*ASSIGNMENT:*
Only one span of the listing below is wanted: the lines from the one with "Öffentliche und g!;!" through the one with "Casas em jangadas", reproduced exactly, both ends kept.

*PROVIDED ENTRIES:*
+===+

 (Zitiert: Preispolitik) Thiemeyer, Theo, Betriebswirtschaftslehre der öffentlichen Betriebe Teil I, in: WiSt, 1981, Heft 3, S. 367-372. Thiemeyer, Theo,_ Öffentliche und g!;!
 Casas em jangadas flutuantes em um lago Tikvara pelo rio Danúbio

+===+

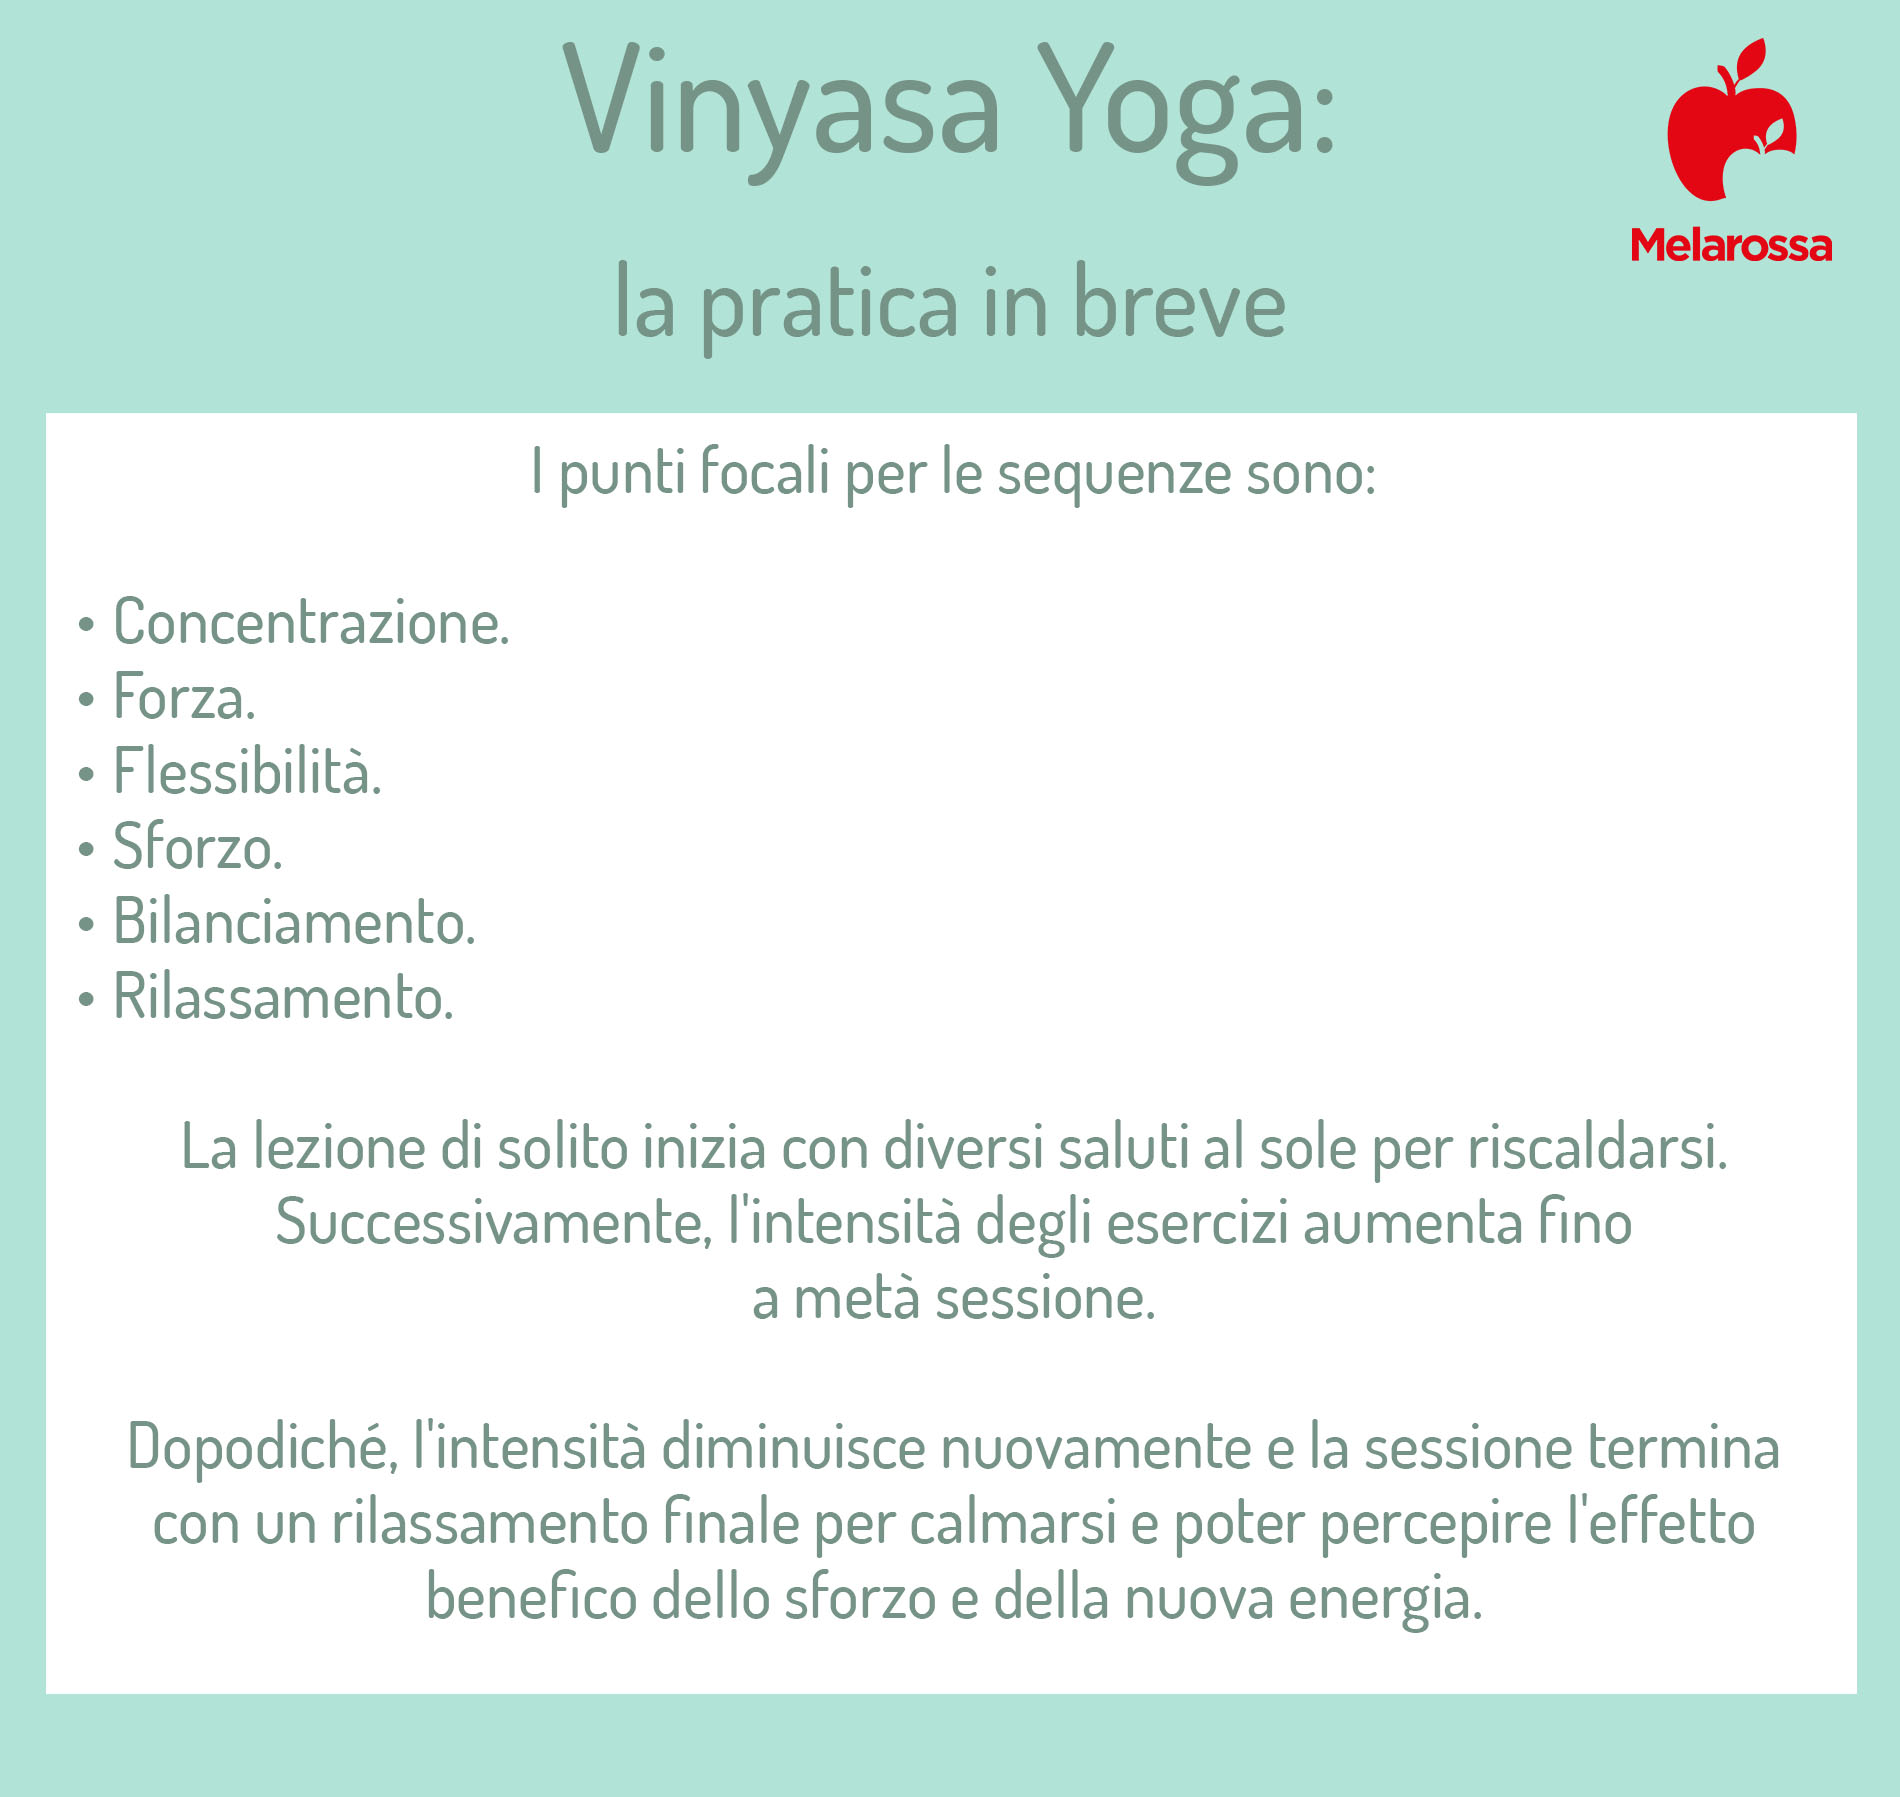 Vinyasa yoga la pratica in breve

+===+

*RESULT OF THIS EXERCISE:*
 (Zitiert: Preispolitik) Thiemeyer, Theo, Betriebswirtschaftslehre der öffentlichen Betriebe Teil I, in: WiSt, 1981, Heft 3, S. 367-372. Thiemeyer, Theo,_ Öffentliche und g!;!
 Casas em jangadas flutuantes em um lago Tikvara pelo rio Danúbio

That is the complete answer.